- **Data provided**:
▼
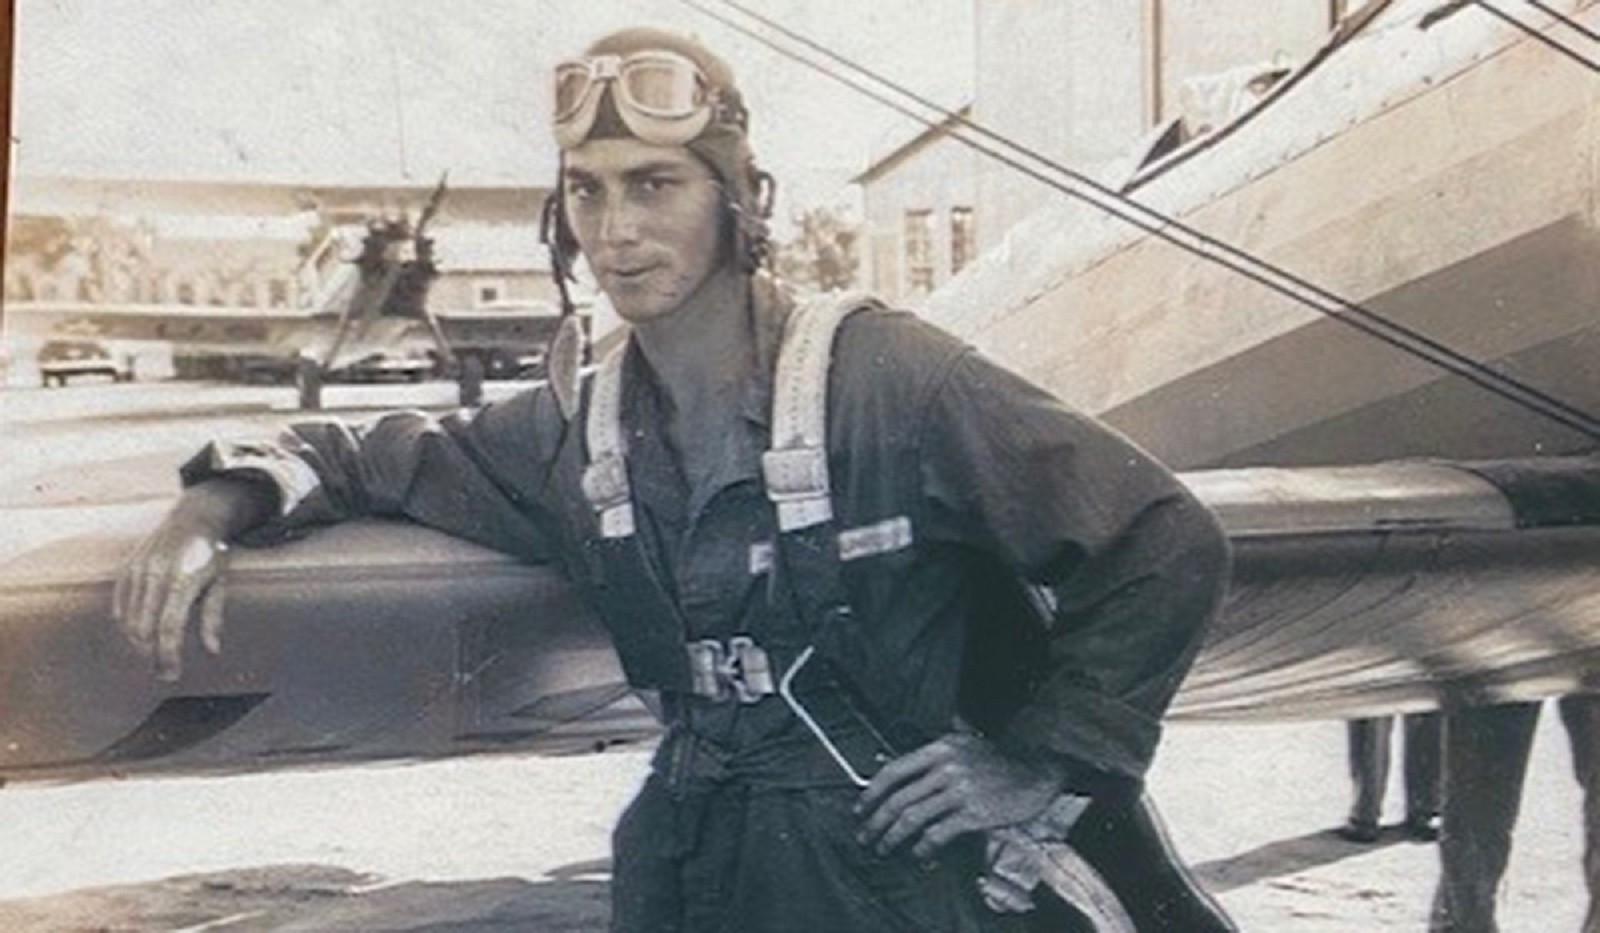 Odnaleziono zaginionego pilota z II wojny światowej. Przełom w sprawie po 80 latach
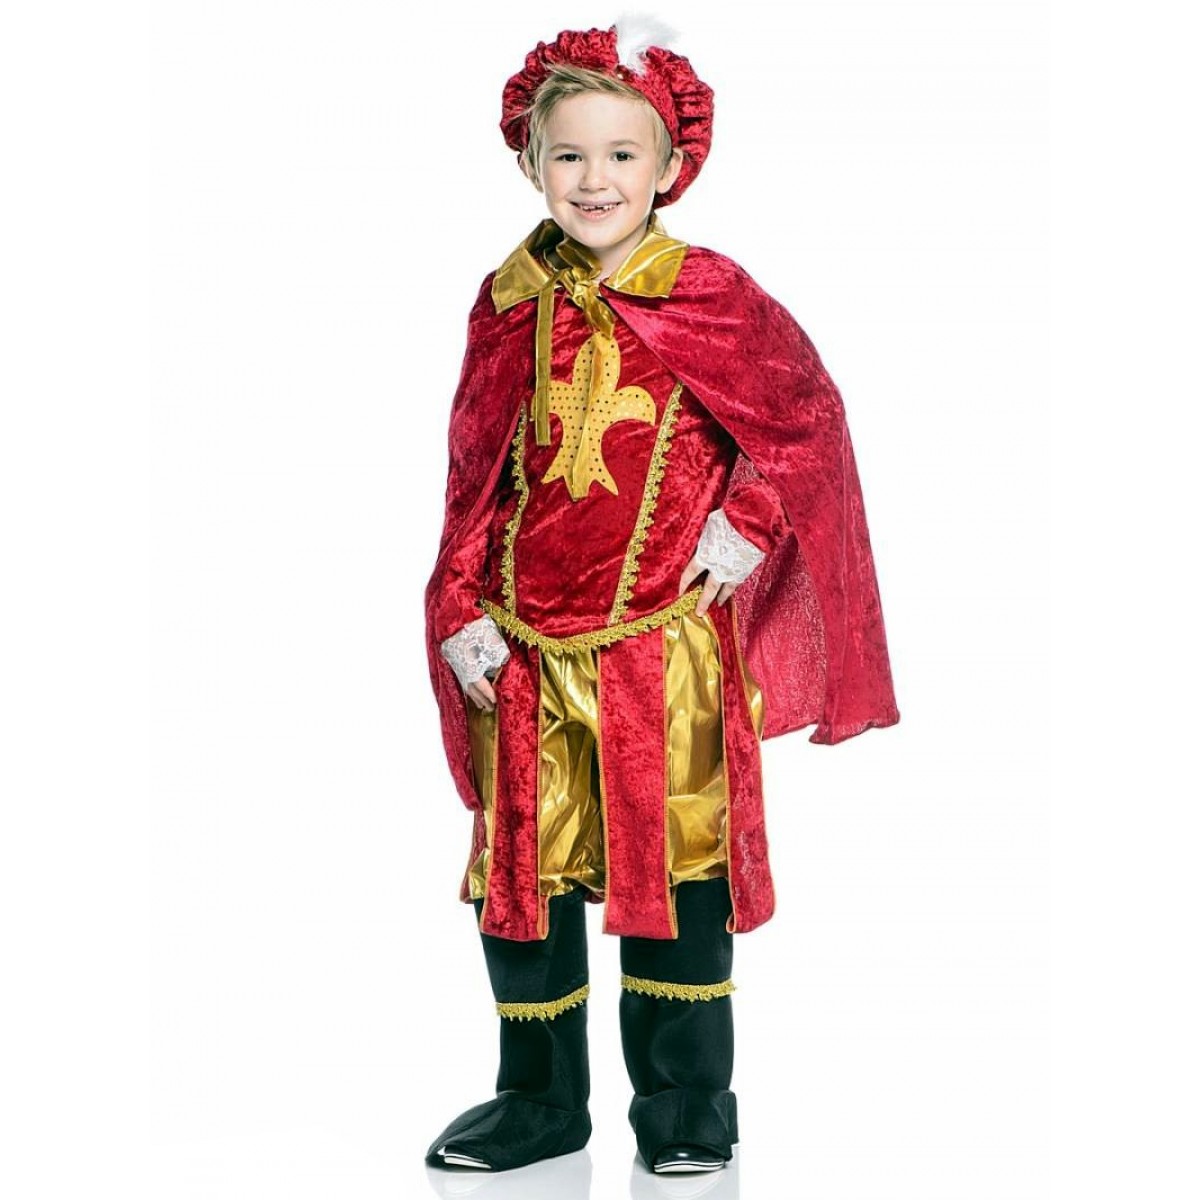 Карнавальный костюм Принца, костюм принца, пажа, придворного,  Карнавалия
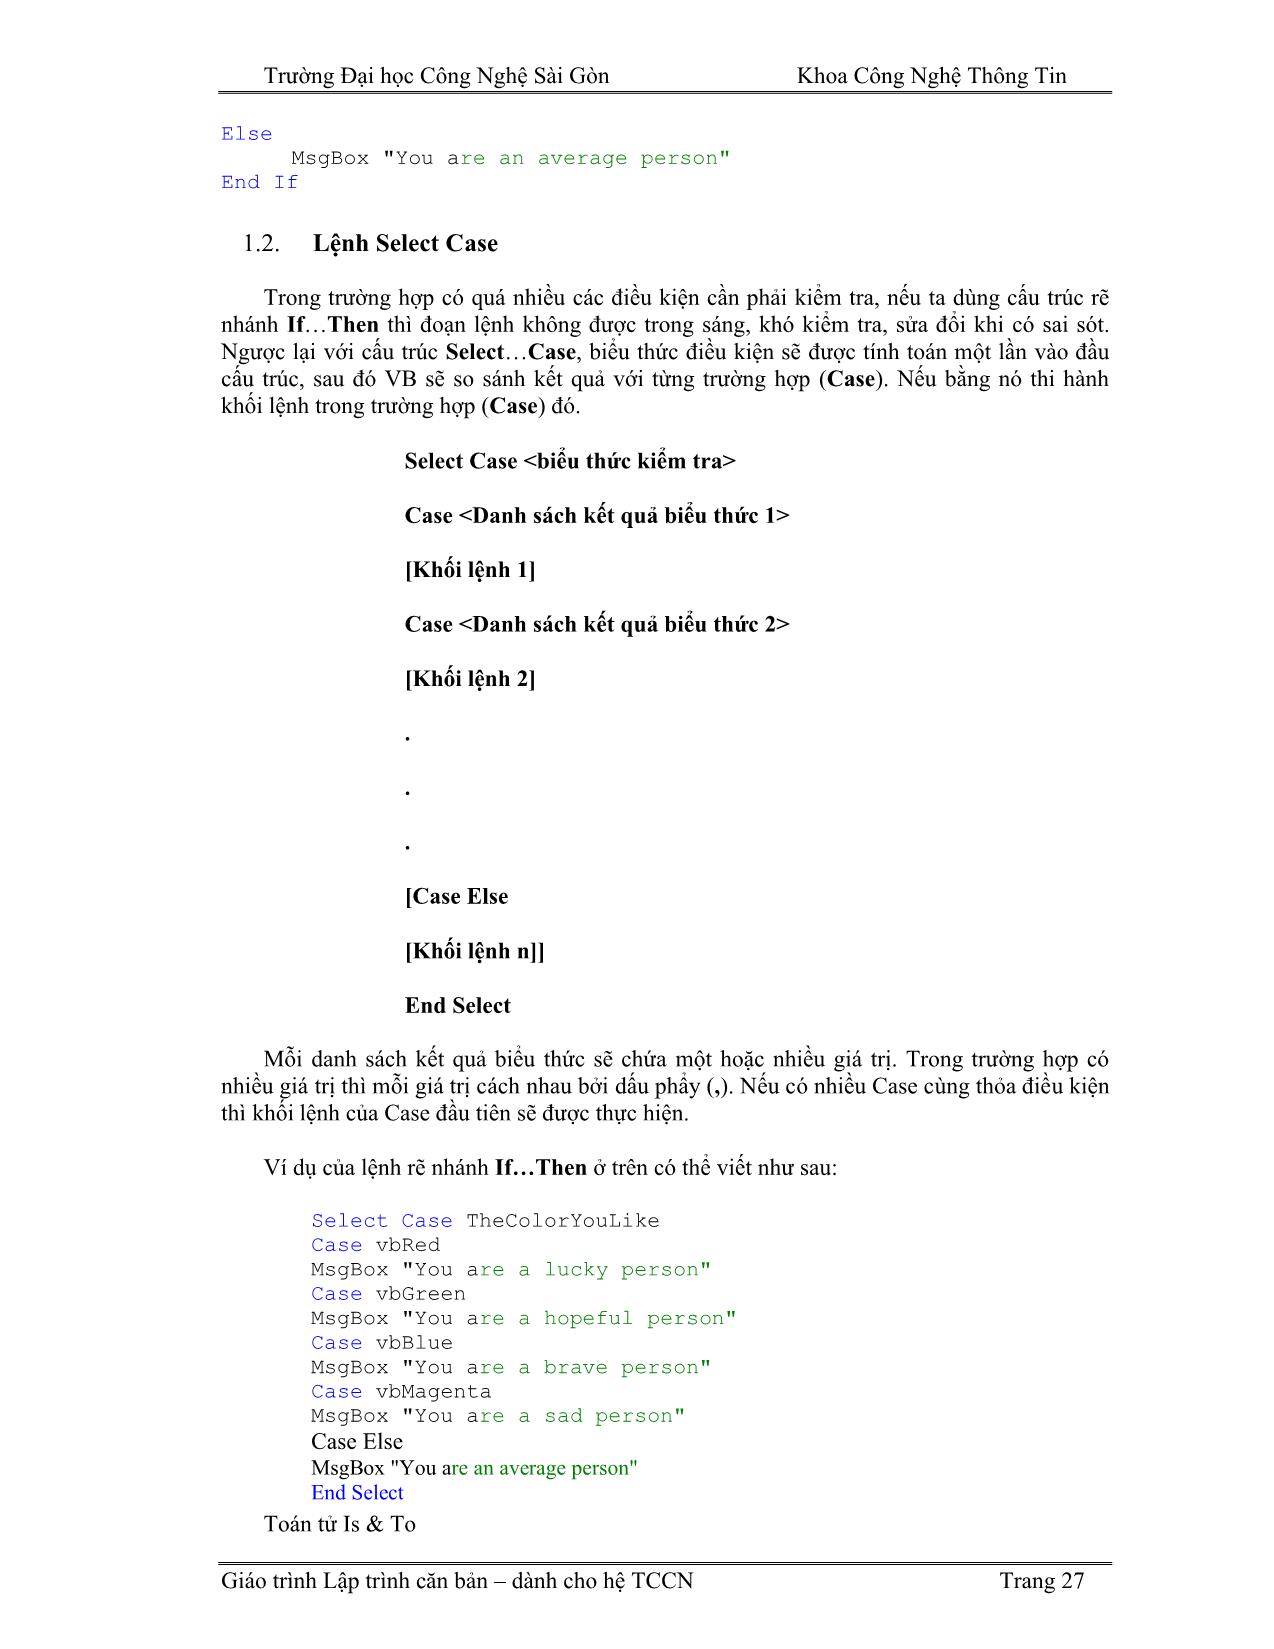 Giáo trình Lập trình căn bản Visual Basic (Phần 2) trang 2
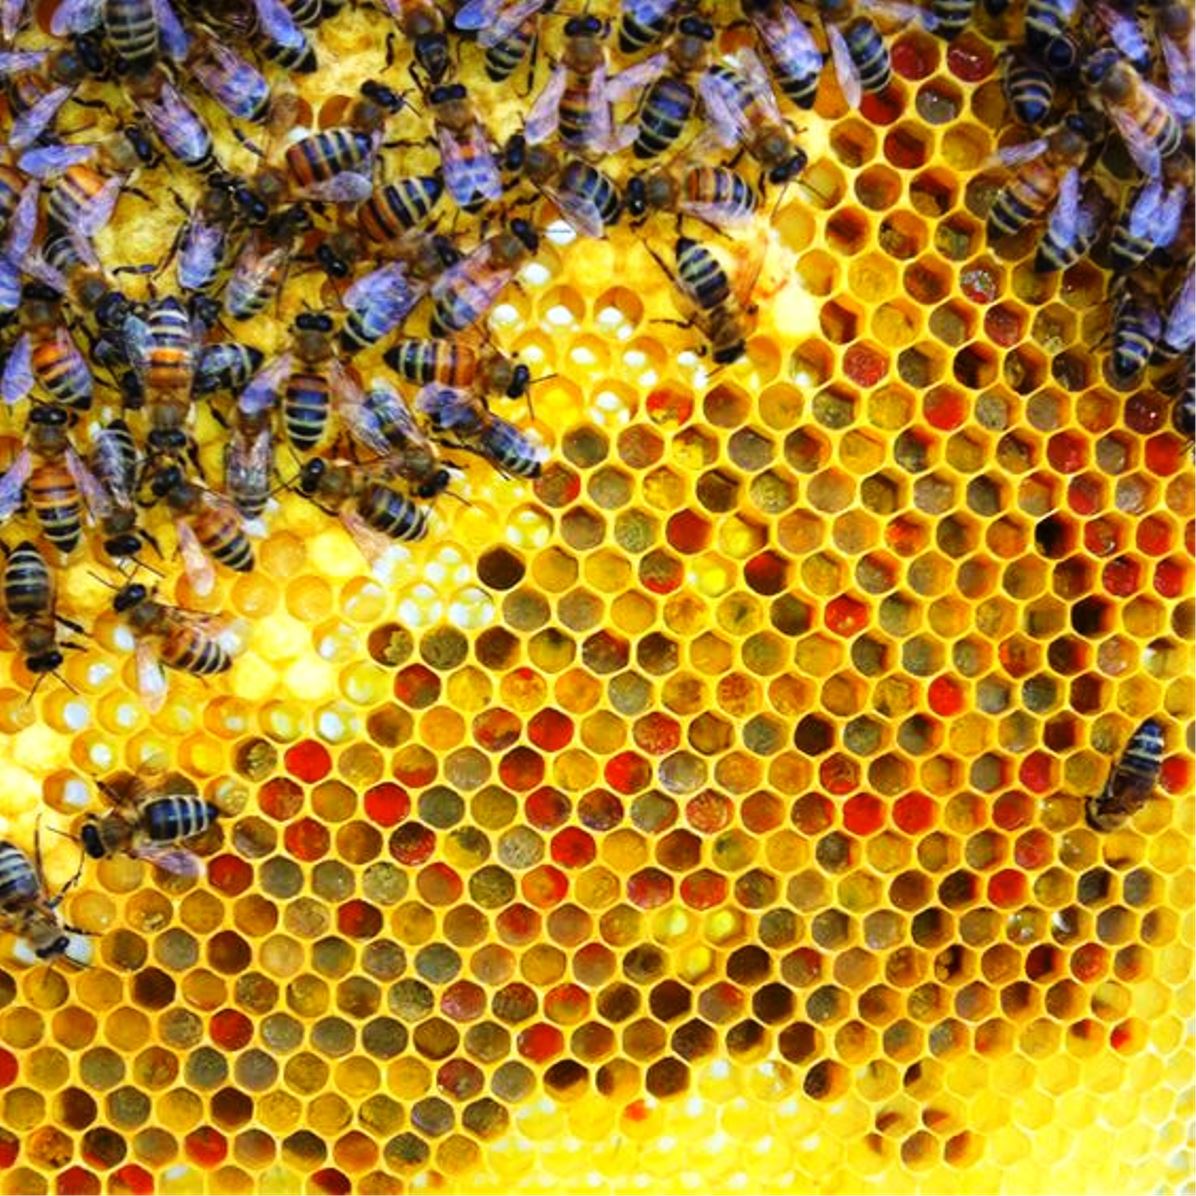 Las abejan producen miel de acuerdo al tipo de polen
▲
- **What is needed**:
The listing must be returned in full and exactly, apart from its pictures.

- **Task response**:
 Odnaleziono zaginionego pilota z II wojny światowej. Przełom w sprawie po 80 latach
 Карнавальный костюм Принца, костюм принца, пажа, придворного,  Карнавалия
 Giáo trình Lập trình căn bản Visual Basic (Phần 2) trang 2
 Las abejan producen miel de acuerdo al tipo de polen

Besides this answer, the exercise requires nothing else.